Finding det(A) with standard basis vectors

Question

For example, let $e_1 = [1 \quad 0]$ and $e_2 = [0 \quad 1] $be standard basis vectors. A is a $2 \times 2$ matrix. $Ae_1 = [-3\quad 7]$ and $Ae2 = [3 \quad 5] $ How do I find the $\det(A)$?

Answer 1

Let $a,b,c,d \in \mathbb{R}$, then \begin{align} &A = \begin{bmatrix} a&b \\ c&d \end{bmatrix}\begin{bmatrix} 1 \\ 0 \end{bmatrix} = \begin{bmatrix} -3 \\ 7 \end{bmatrix} \implies a = -3, \quad \text{and} \quad c = 7 \\ &A = \begin{bmatrix} a&b \\ c&d \end{bmatrix}\begin{bmatrix} 0 \\ 1 \end{bmatrix} = \begin{bmatrix} 3 \\ 5 \end{bmatrix} \implies b = 3, \quad \text{and} \quad d = 5.\\ & \qquad\text{therefore, }\det \begin{vmatrix} A \end{vmatrix} = \det\begin{vmatrix} -3 & 3 \\ 7 & 5 \end{vmatrix} = -15-21 = -36. \end{align}

Answer 2

Since $A$ is 2 by 2 matrix, its first column is $Ae_1=[-3, 7]$ and second column is $Ae_2=[3,5]$
$Det(A) =\left|\matrix{-3 & 3\\5& 7}\right|$

Answer 3

Since A is a 2x2 matrix, simply use the formula for finding determinants for 2x2 matrices.

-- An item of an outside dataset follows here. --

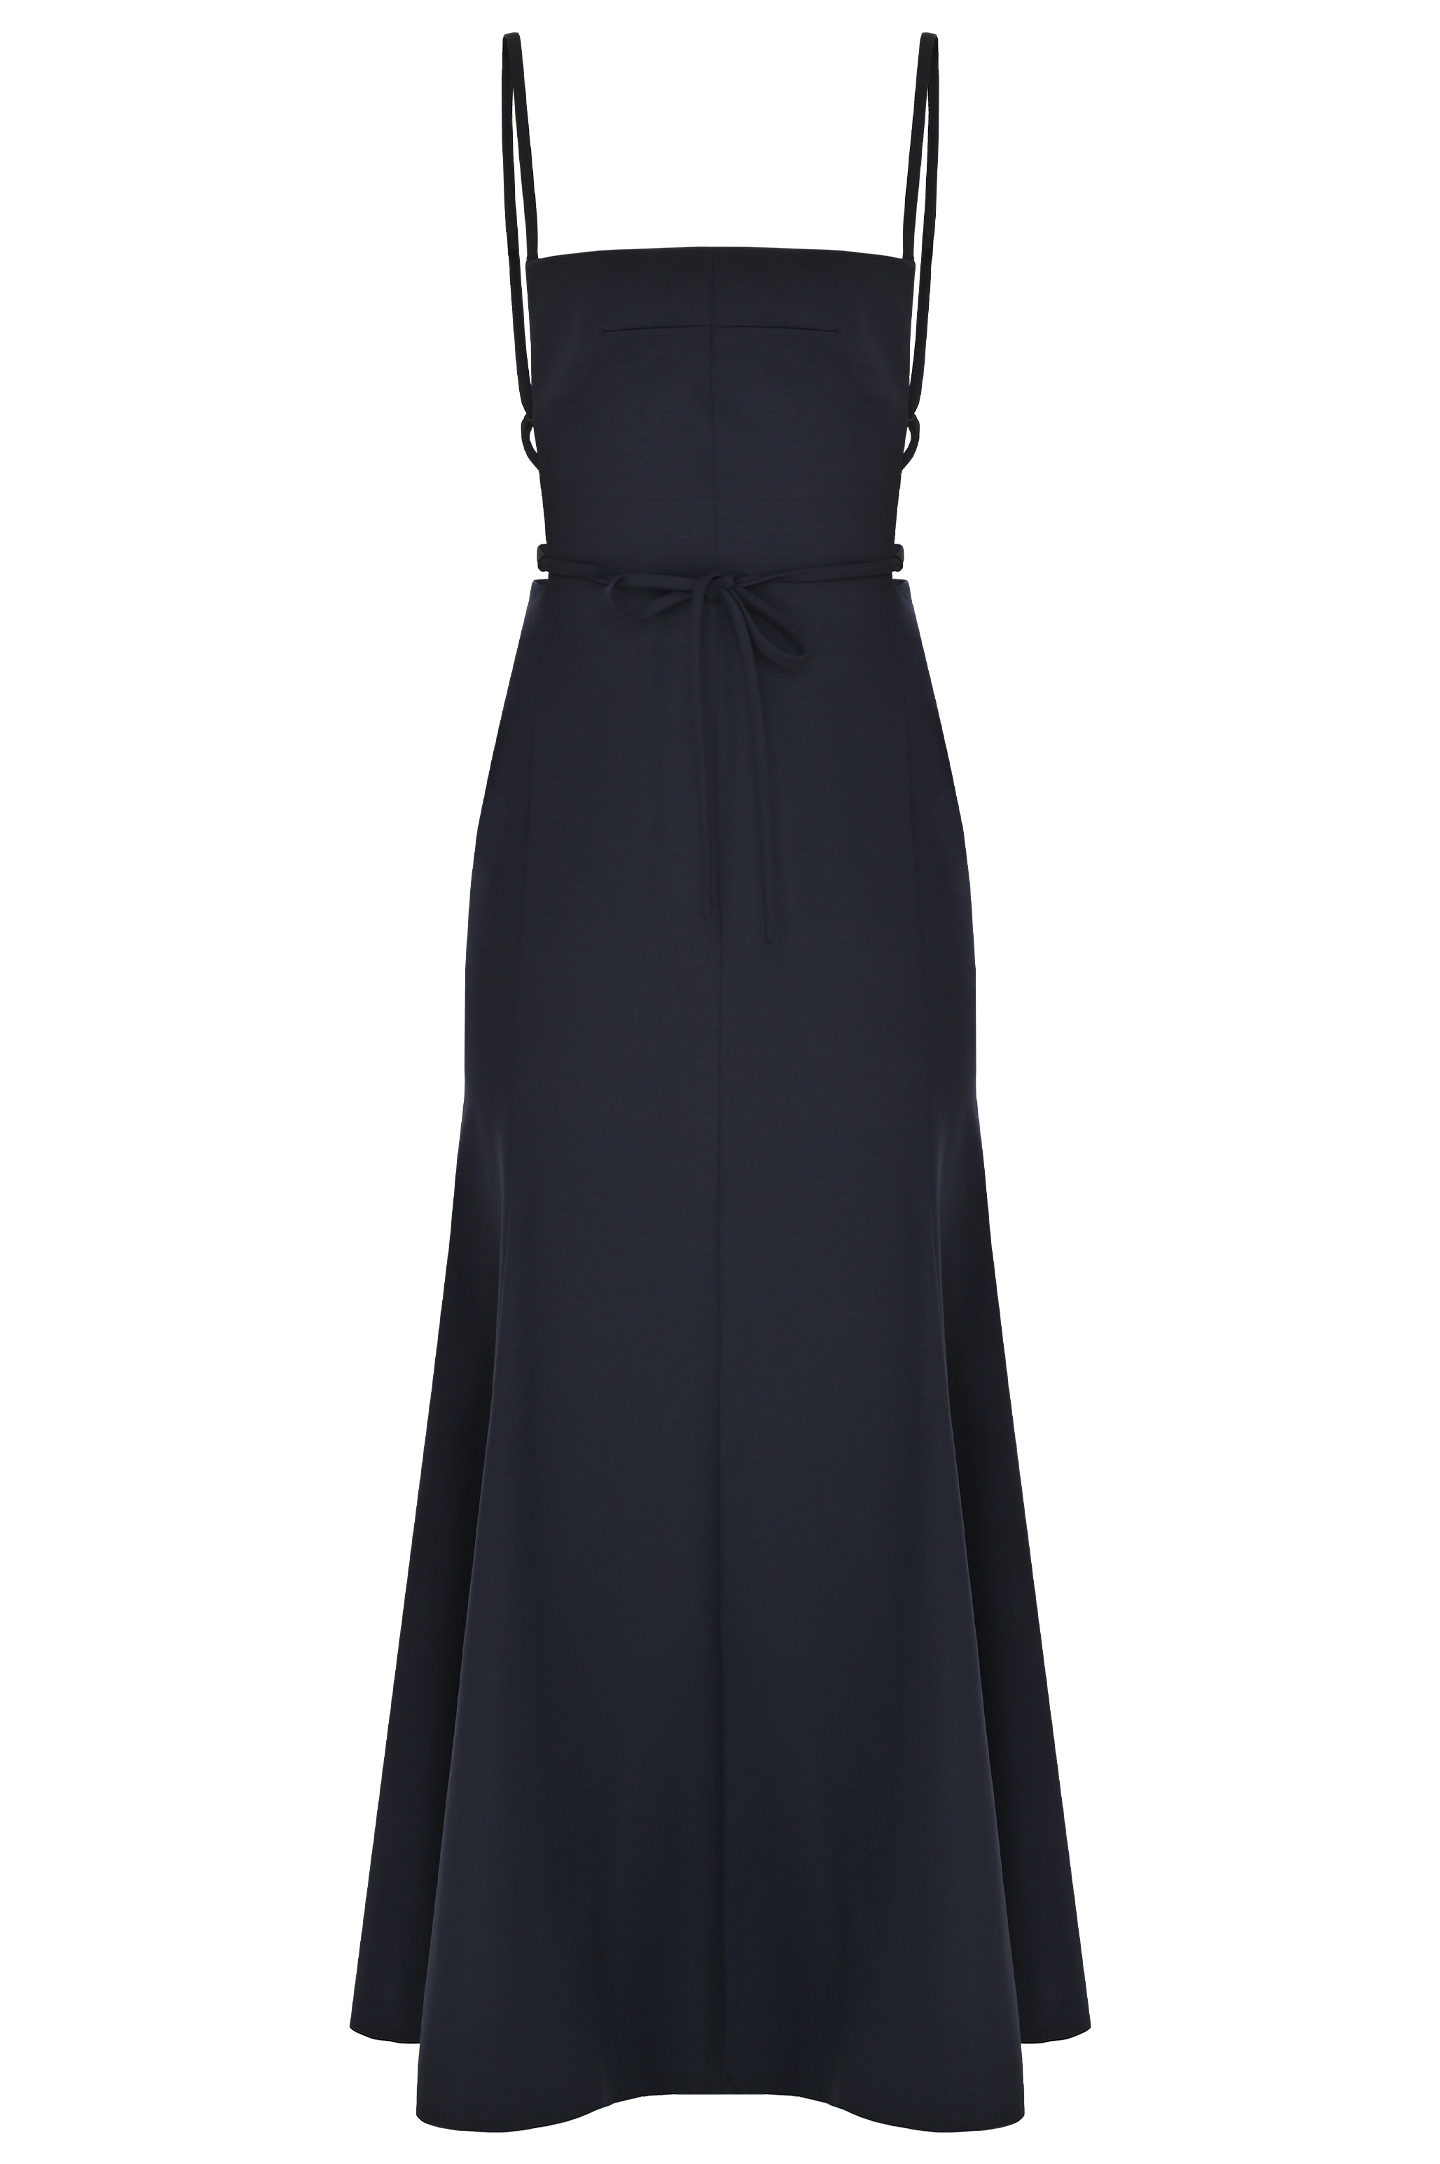 Платье с открытой спиной PHILOSOPHY DI LORENZO SERAFINI A0424 727, цвет: Темно-синий, Женский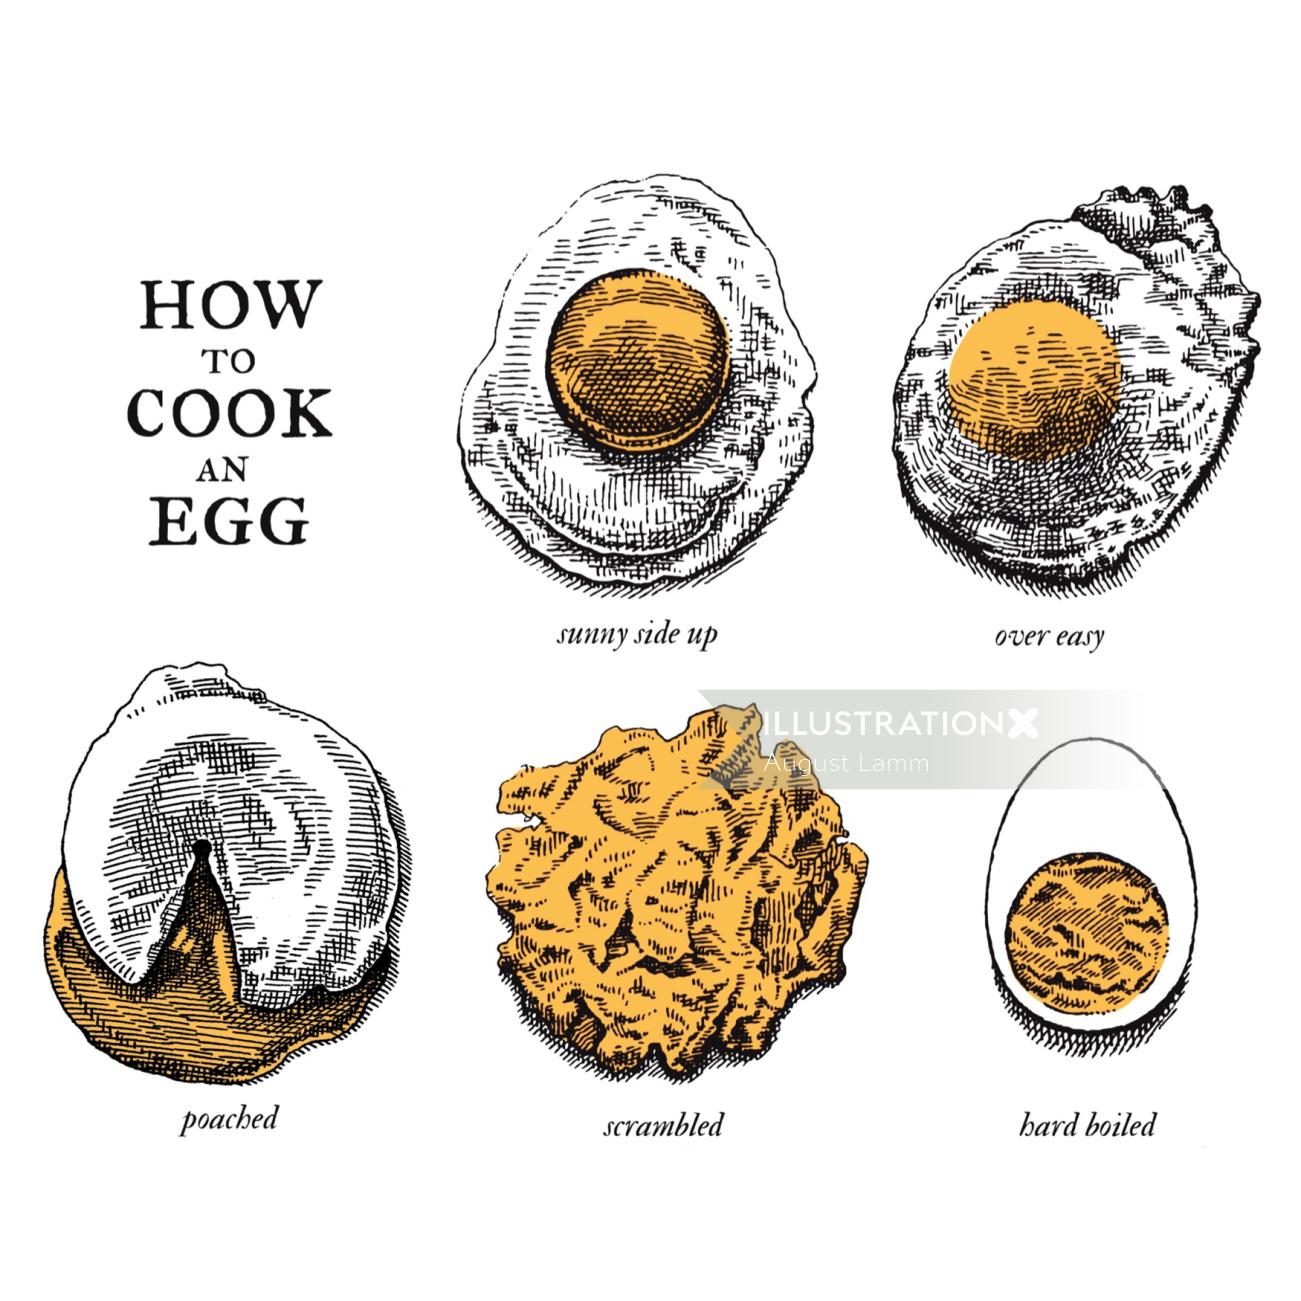 书籍封面图，介绍如何煮鸡蛋

\begin{bmatrix}a&b\\c&d\end{bmatrix}

The formula is ad-bc. In this case, A$e_1$ = \begin{bmatrix}-3\\7\end{bmatrix} And A$e_2$ = \begin{bmatrix}3\\5\end{bmatrix} Combine these vectors to get: \begin{bmatrix}-3&3\\7&5\end{bmatrix} Using the formula, det(A) = (-3 $\cdot$ 5) - (3 $\cdot$ 7) = (-15) - (21) = -36.